I fisted the silver but didn’t turn to go.

“I was wondering if you could tell me a little about the history of the estate.  Or perhaps, something of the beast.”

“It would brighten the rest of my morning to spend it telling you stories from my youth.  But, come, sit.  I can’t forget my work while we talk.”

He nudged another chair close to his worktable, and I willingly sat with him.  The candle maker’s cottage was always pleasantly warm.  He checked his strings and started his tale.

“I was about your age when the Liege Lord disappeared, but I remember the years before that well enough to be glad of his absence.  He was a man far too concerned with his own pleasures than that of the people who looked to him for protection and justice.  Justice,” the candle maker scoffed.  “Back then it was a mockery.  The Head at the Water used the position to swindle the businesses and bully the people he didn’t like.  The Liege Lord did nothing.  He couldn’t.  He was too busy strutting from bed to bed, not caring what women occupied it with him.”

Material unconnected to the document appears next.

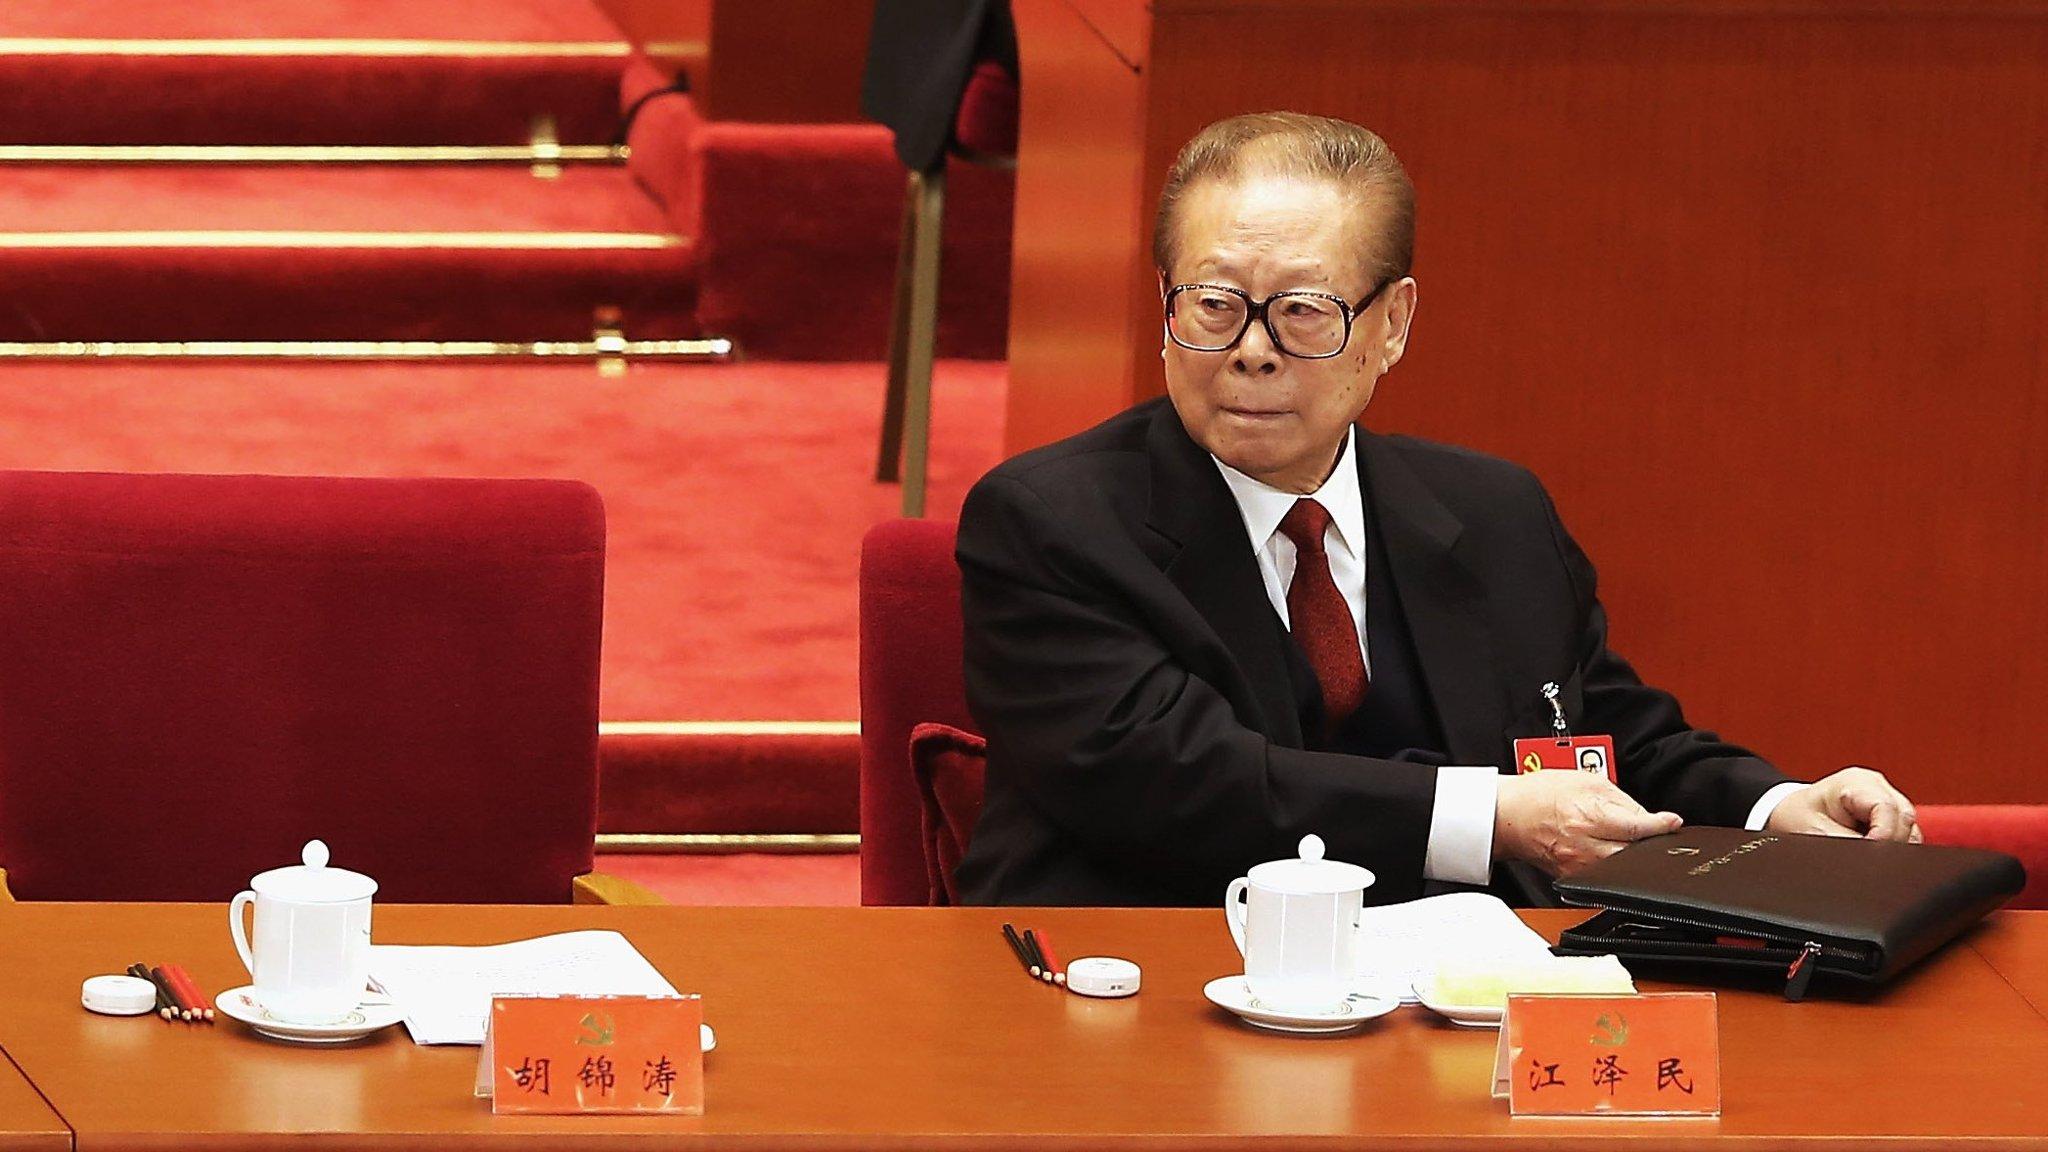 China cracks down on 'toadies' celebrating former president Jiang

I kept quiet, afraid he’d recall his audience and stop his open retelling.

“I shouldn’t say that,” he said.  “He did care.  Only the pretty ones.  Young.  Old.  Single.  Married.  He made no distinction.”  He snorted disgustedly.  “I’m ahead of myself.  The estate has been there over three hundred years and has passed from father to son.  While the last Liege Lord’s father had lived, things were peaceful and prosperous.  After his father died, the Liege Lord started his whoring.  His mother, too ashamed of her son, retired to the South and died there not long after.  The young Lord just sank deeper into his depravity.  Things were getting to the point where I was thinking of heading south, too—the southern liege lords are good to their tenants—but then he disappeared. He just stopped going to the villages.  Stopped his whoring.  The Head went to the estate but found it empty.  He thought to make himself a little coin and take a few things, and that was the first time the beast made himself known.  Oh, that Head ran down the road, here, screaming something fierce.  Took several men to hold him down and pour ale down his throat before he calmed enough to tell what happened.  ‘Course no one believed him, and a group went to the estate to see for themselves.”

He cackled at the memory.

“That’s when the legend of the beast really started.  The Head went back to the Water, but soon came with all sorts of people interested in trying to kill the beast to get to the Liege Lord’s treasure.  But that beast protected it something fierce.  Many men died trying to get past the gate.  As time passed and the flow of would-be pillagers slowed, some folks managed to get in the gate, but never very far.  I think the beast knew they were just curious for the most part and didn’t harm them.  But those that return for a second visit, well, he doesn’t treat them as well.”

“What about the Liege Lord?  Where did he go?”